DESCRIPTION OF THE TASK: Every line below must come back exactly as it stands, with the images omitted.

LISTED RECORDS Block Start

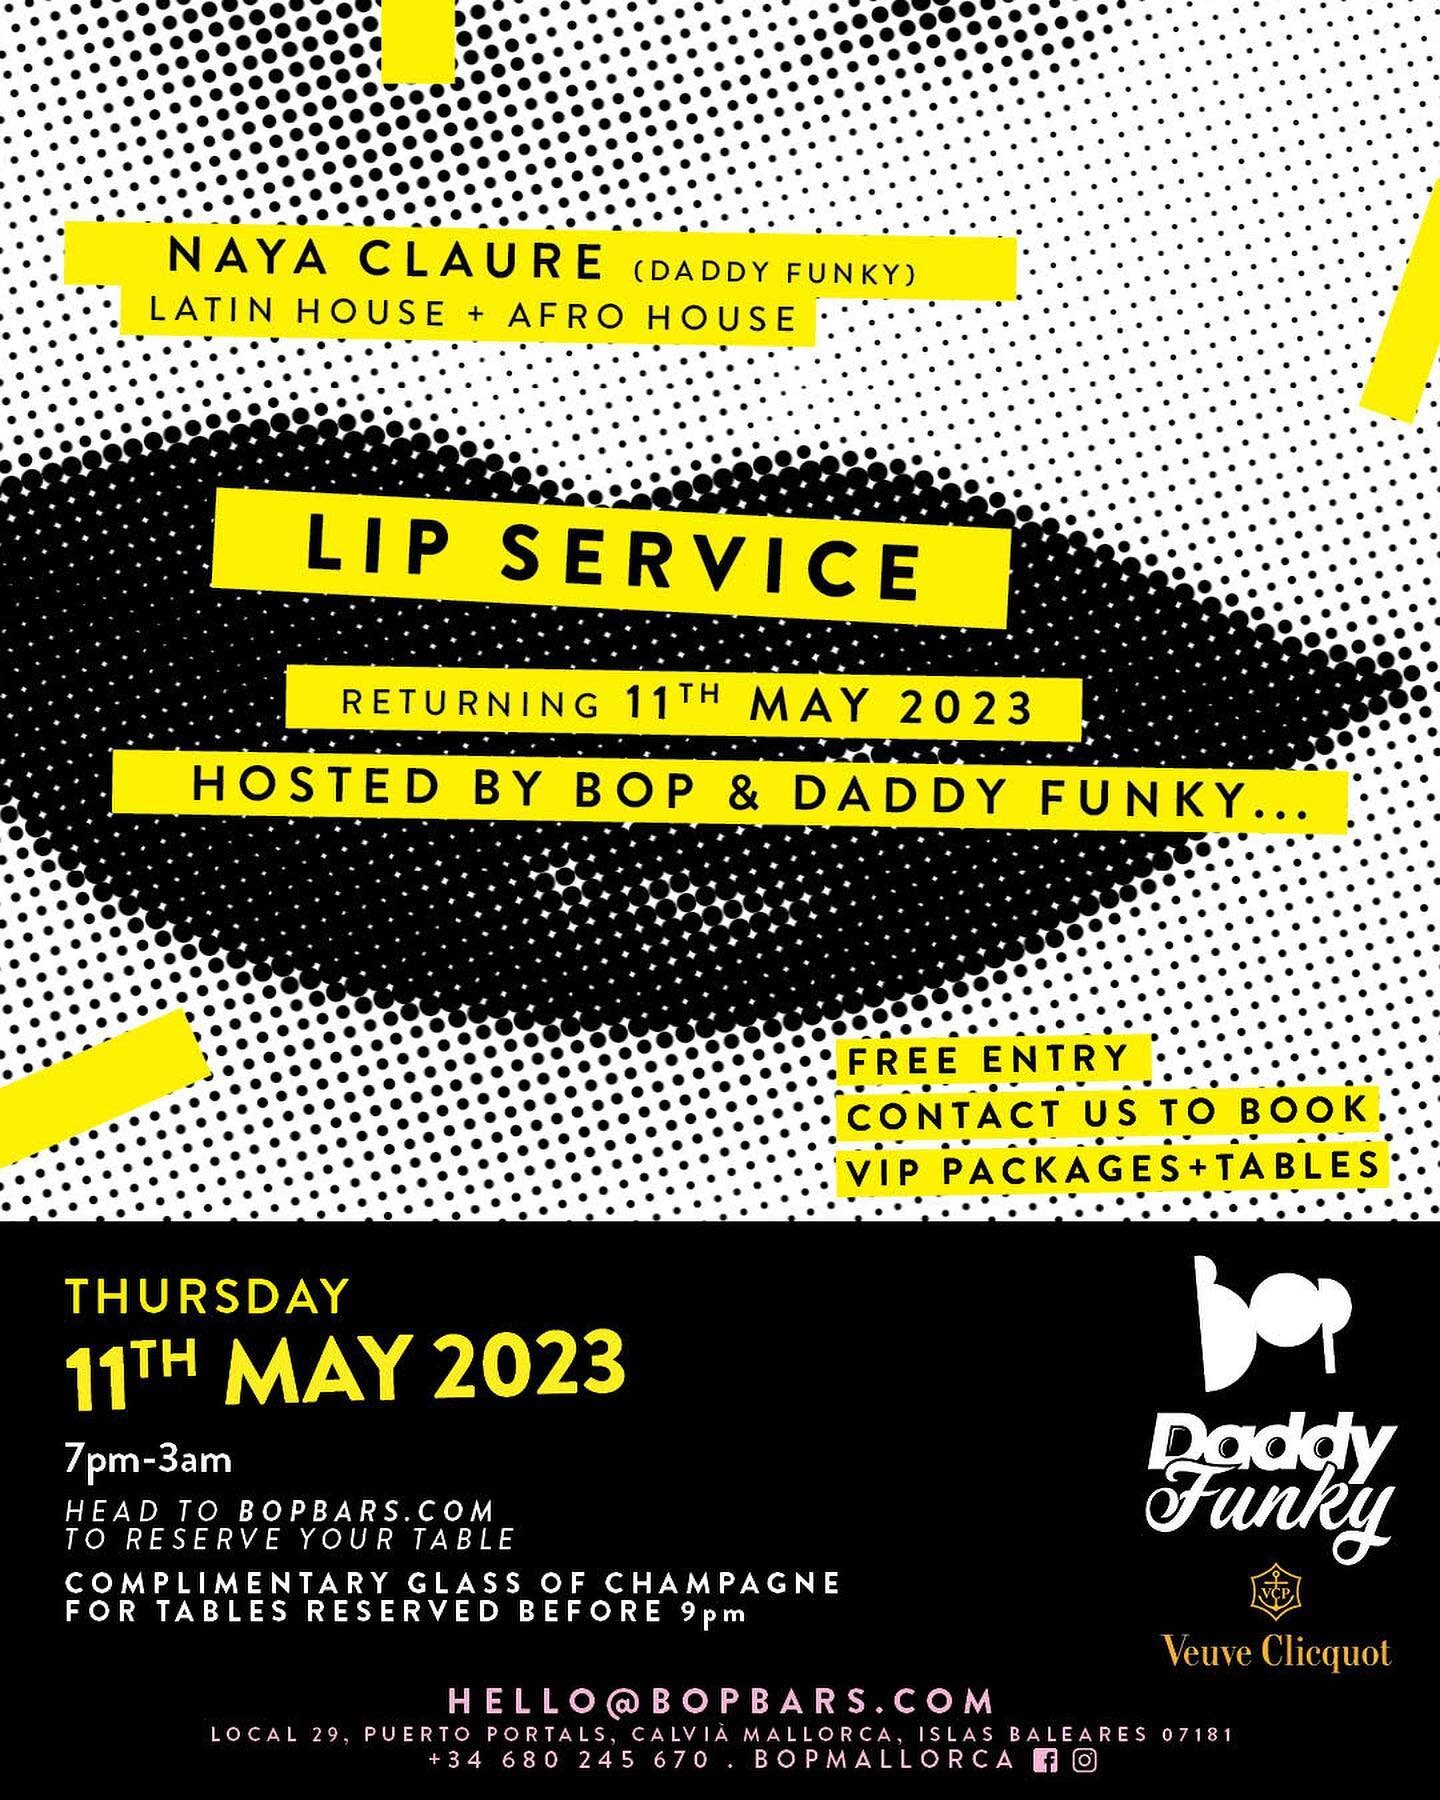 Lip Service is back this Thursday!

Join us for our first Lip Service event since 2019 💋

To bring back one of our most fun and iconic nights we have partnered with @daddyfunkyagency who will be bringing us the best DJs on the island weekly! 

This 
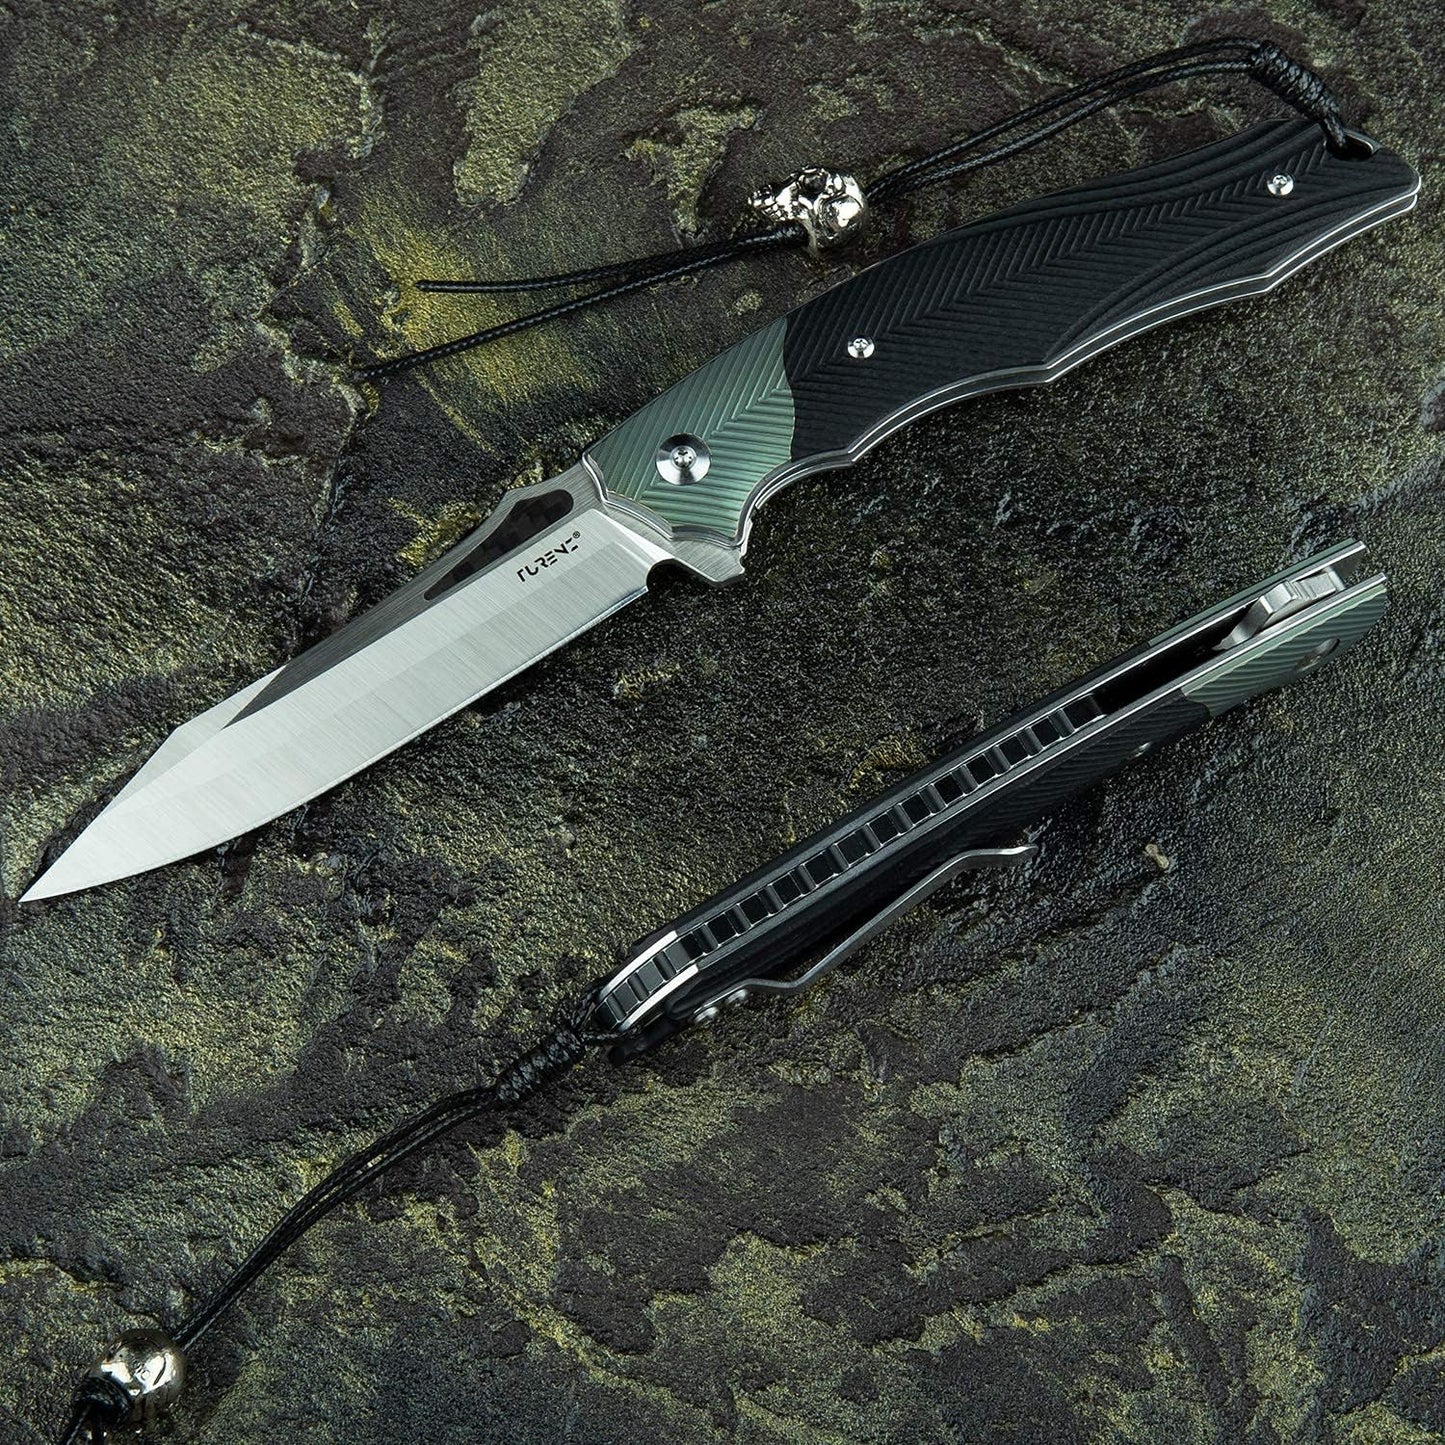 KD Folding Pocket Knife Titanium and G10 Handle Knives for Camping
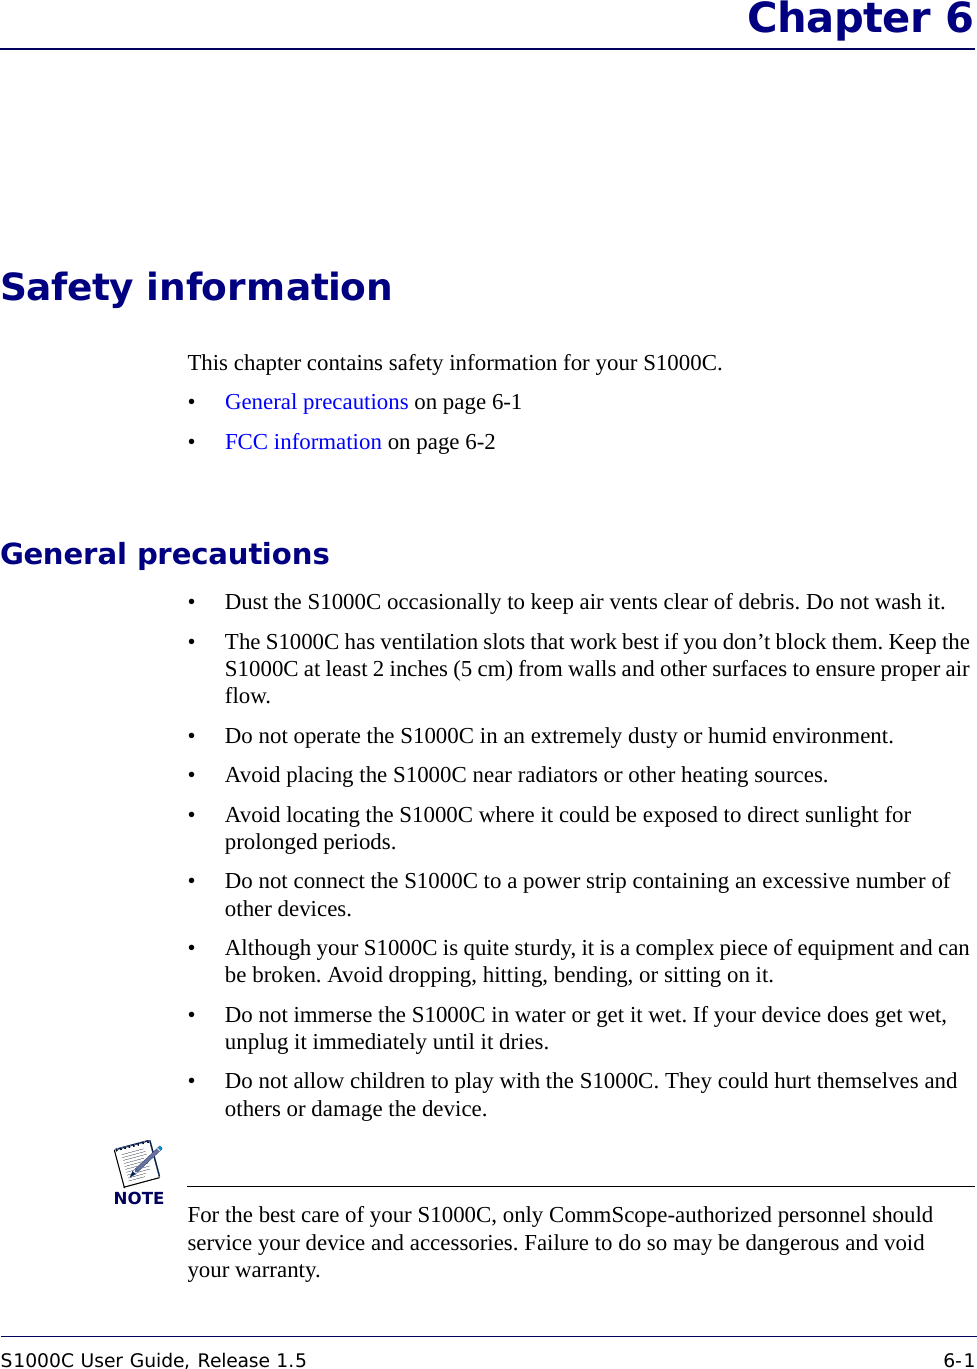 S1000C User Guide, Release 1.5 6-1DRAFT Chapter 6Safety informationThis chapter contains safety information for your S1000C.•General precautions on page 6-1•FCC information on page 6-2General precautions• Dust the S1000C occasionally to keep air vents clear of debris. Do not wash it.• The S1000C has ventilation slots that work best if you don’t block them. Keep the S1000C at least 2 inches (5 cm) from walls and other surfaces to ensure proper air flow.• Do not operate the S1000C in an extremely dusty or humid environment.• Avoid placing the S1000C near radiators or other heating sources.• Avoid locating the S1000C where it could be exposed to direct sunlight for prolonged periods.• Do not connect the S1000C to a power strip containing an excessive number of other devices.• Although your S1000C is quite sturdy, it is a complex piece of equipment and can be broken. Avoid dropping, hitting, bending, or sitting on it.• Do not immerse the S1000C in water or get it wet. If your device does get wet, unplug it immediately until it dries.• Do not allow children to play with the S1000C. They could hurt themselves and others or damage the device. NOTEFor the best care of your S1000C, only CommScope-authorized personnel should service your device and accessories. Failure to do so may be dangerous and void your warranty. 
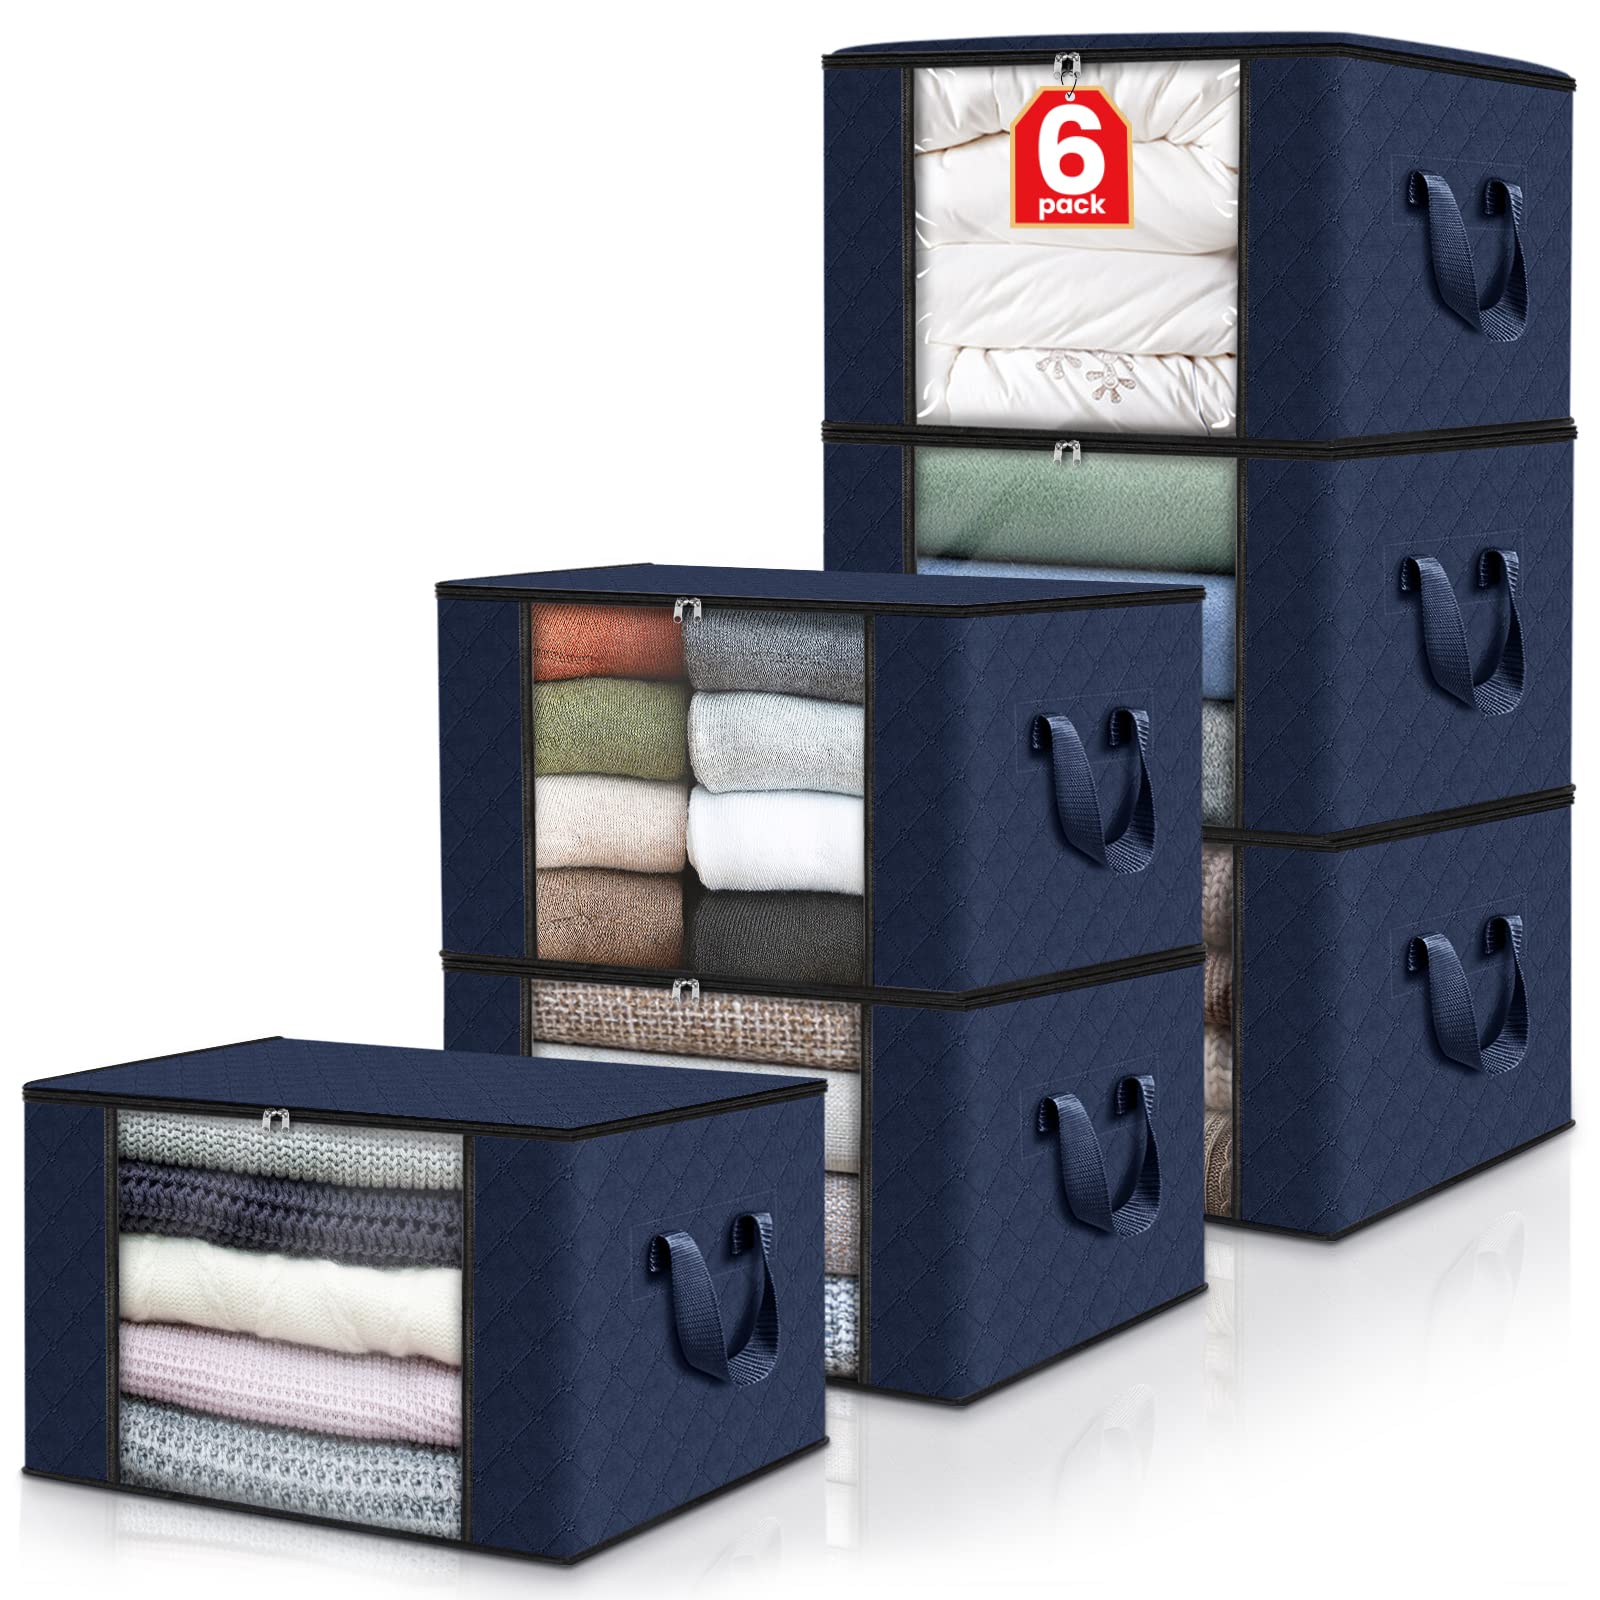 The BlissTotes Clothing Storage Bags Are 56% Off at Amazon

LISTED RECORDS Block End

SOLVED EXERCISE:
 Lip Service is back this Thursday!

Join us for our first Lip Service event since 2019 💋

To bring back one of our most fun and iconic nights we have partnered with @daddyfunkyagency who will be bringing us the best DJs on the island weekly! 

This 
 KD Folding Pocket Knife Titanium and G10 Handle Knives for Camping
 S1000C User Guide, Release 1.5 6-1DRAFT Chapter 6Safety informationThis chapter contains safety information for your S1000C.•General precautions on page 6-1•FCC information on page 6-2General precautions• Dust the S1000C occasionally to keep air vents clear of debris. Do not wash it.• The S1000C has ventilation slots that work best if you don’t block them. Keep the S1000C at least 2 inches (5 cm) from walls and other surfaces to ensure proper air flow.• Do not operate the S1000C in an extremely dusty or humid environment.• Avoid placing the S1000C near radiators or other heating sources.• Avoid locating the S1000C where it could be exposed to direct sunlight for prolonged periods.• Do not connect the S1000C to a power strip containing an excessive number of other devices.• Although your S1000C is quite sturdy, it is a complex piece of equipment and can be broken. Avoid dropping, hitting, bending, or sitting on it.• Do not immerse the S1000C in water or get it wet. If your device does get wet, unplug it immediately until it dries.• Do not allow children to play with the S1000C. They could hurt themselves and others or damage the device. NOTEFor the best care of your S1000C, only CommScope-authorized personnel should service your device and accessories. Failure to do so may be dangerous and void your warranty. 
 The BlissTotes Clothing Storage Bags Are 56% Off at Amazon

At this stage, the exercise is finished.